August 31, 2016
The overriding consideration in this year’s presidential election is the character of the candidates. The integrity, capacity, and judgment of the next president will determine the nation’s direction. With erratic and unreliable leadership, the center collapses and policy becomes an incoherent mishmash of pivots and reassessments, flimsy structures built on sand with nothing holding them together.
Donald Trump is an opportunist. He will say and do almost anything to win the election without regard to any core beliefs other than those seen through the distorted lens of his own reality. If convinced that it’s necessary to win, he will read the teleprompter, stop tweeting nonsense, and even soften his tone. If discipline and restraint is called for to achieve victory, he will at least attempt an unlikely transformation.
But what if he wins? He will have achieved the ultimate victory. In his own mind, it will validate his huge ego. He will have prevailed because of who he is, a larger than life superhero who no longer needs to heed the advice of those who counseled moderation. He will be on his own, beholden to no one. The leader will have emerged by the strength of his own personality and, now a demigod, will thereafter bask in the adulation of his people.
If this sounds remotely reminiscent of the rise of Adolf Hitler and Benito Mussolini, it is. Dictators are so consumed with self they cannot distinguish their own ambitions from the needs of their people. In his own mind, Hitler was Germany. When the war was lost, he blamed the people, not himself.
Trump cannot be trusted because he has no center. He is a hollow man, filled with flickering images of himself. I feel sorry for him. He has become capitalism’s golden idol, personifying success as excess, celebrity as glory, and ambition as narcissism. Incapable of reflection, he seeks comfort and solace in the attention he so obviously craves.
I do not view him as evil, for that requires a conscience. His weaknesses are not entirely his fault. He cannot help himself. There is something missing but that does not make him any less dangerous. Let him enjoy his wealth, his deals, and his attractive family (by all accounts he is a loving father), but do not put him in a position of immense power.
As a young judge, I once attended a conference where the principal speaker was the chief psychologist at the Nevada State Prison.
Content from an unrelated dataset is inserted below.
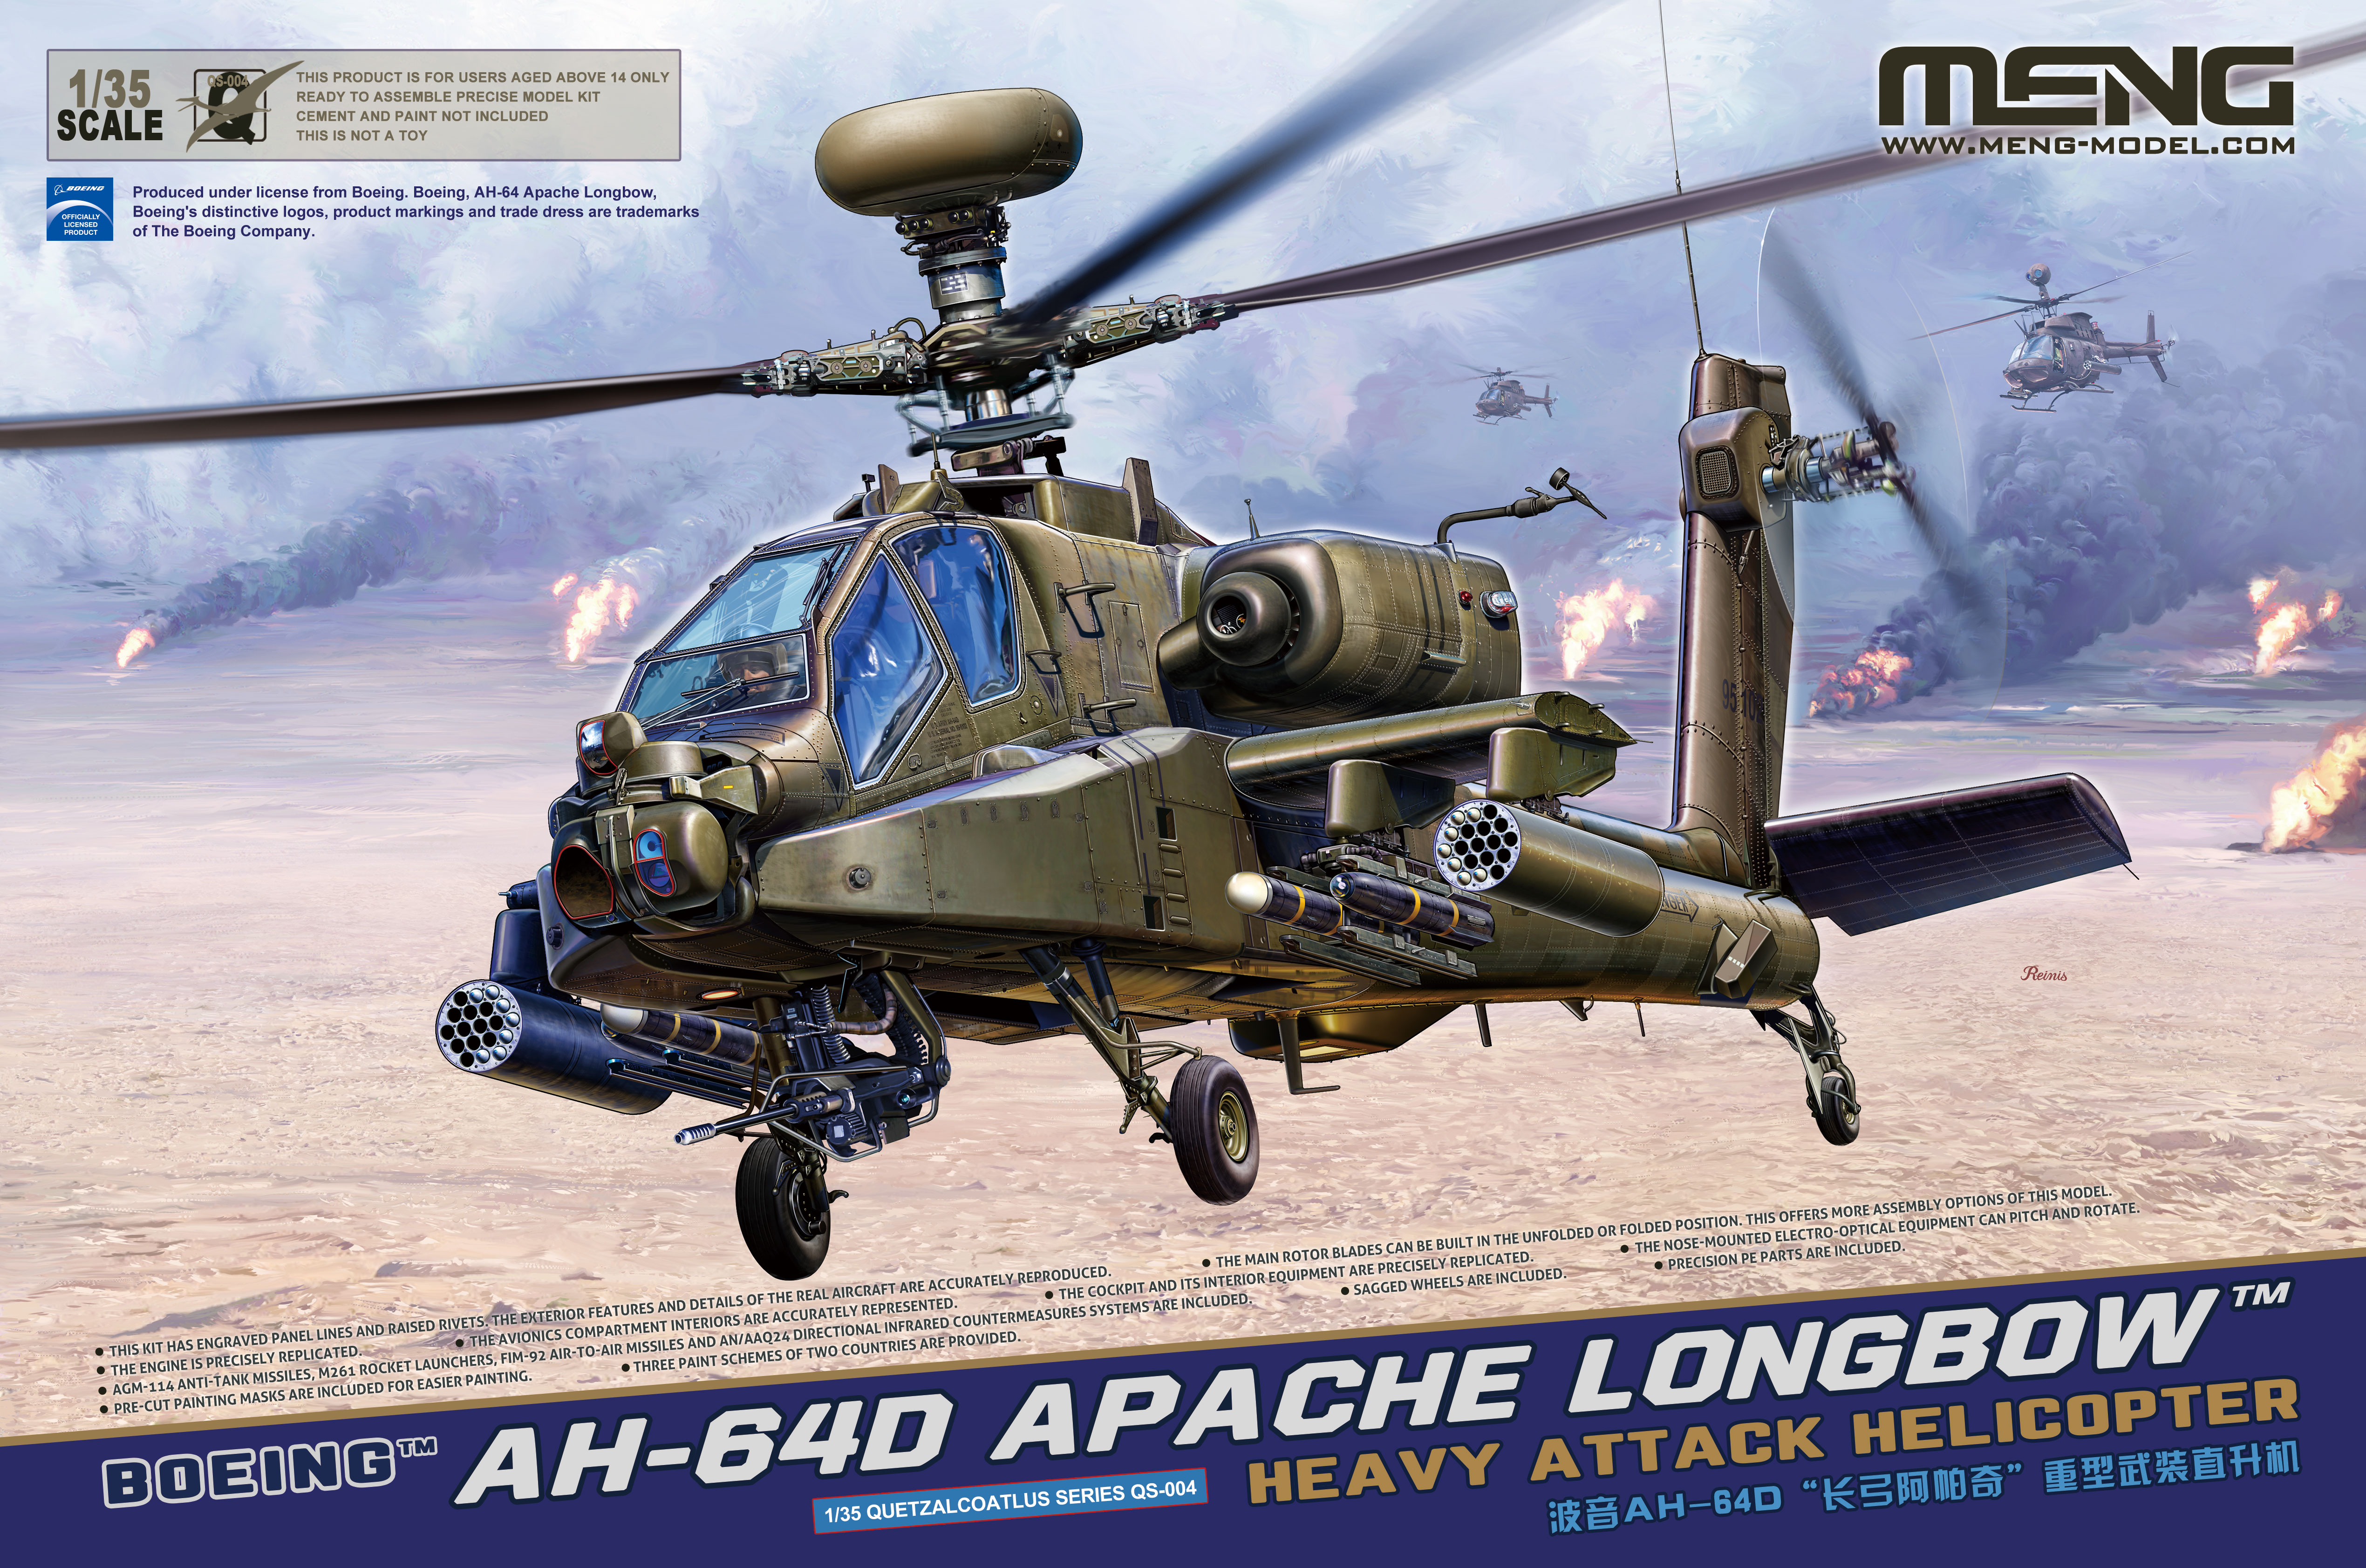 1/35 ボーイング AH-64D アパッチ・ロングボウ戦闘ヘリコプター

He described how he was able to treat psychotic inmates with psychotropic drugs and at least stabilize them and also cure neurotic inmates with medication and counseling. But, he said, he had no success with psychopathic or sociopathic prisoners because they had no conscience.
They would tell you whatever they believed you wanted to hear and whatever would be to their advantage. When it came to right or wrong, there was nothing there to work with. He also explained that such people could be smart, charming, persuasive and “successful” con men.
While it’s true that Hillary Clinton is a flawed candidate, she is not unhinged. She has displayed poor judgment, particularly at the intersection of her personal and public life. At the very least, she has created the appearance of impropriety by ignoring obvious conflicts of interest. Transferring Clinton Foundation assets and operations to the Gates Foundation before running for president would have been a wise move. Harry Truman set the gold standard upon retirement by refusing to use the office of the president to make money. He had too much respect for the office to trade on it for personal gain. By contrast, the Clintons have parlayed their political legacy into a personal fortune.
There is, however, a major difference between a mistake and a personality disorder. You can recognize, correct, and learn from the former while fixing the latter is largely beyond your control. Therein is the difference between Clinton and Trump. She has a moral compass, albeit imperfect, and the capacity to understand consequences to guide her decision making. I fear the needle on his moral compass is always pointed at himself. What satisfies his enormous ego is by definition the proper course.
“Character” presumes conscience, integrity, temperament, restraint, empathy, and sound judgment. It should be the defining issue in this election. The ship of state cannot be under the command of a Captain Ahab, intent upon the reckless pursuit of his own narcissistic obsession, the elusive and dangerous white whale.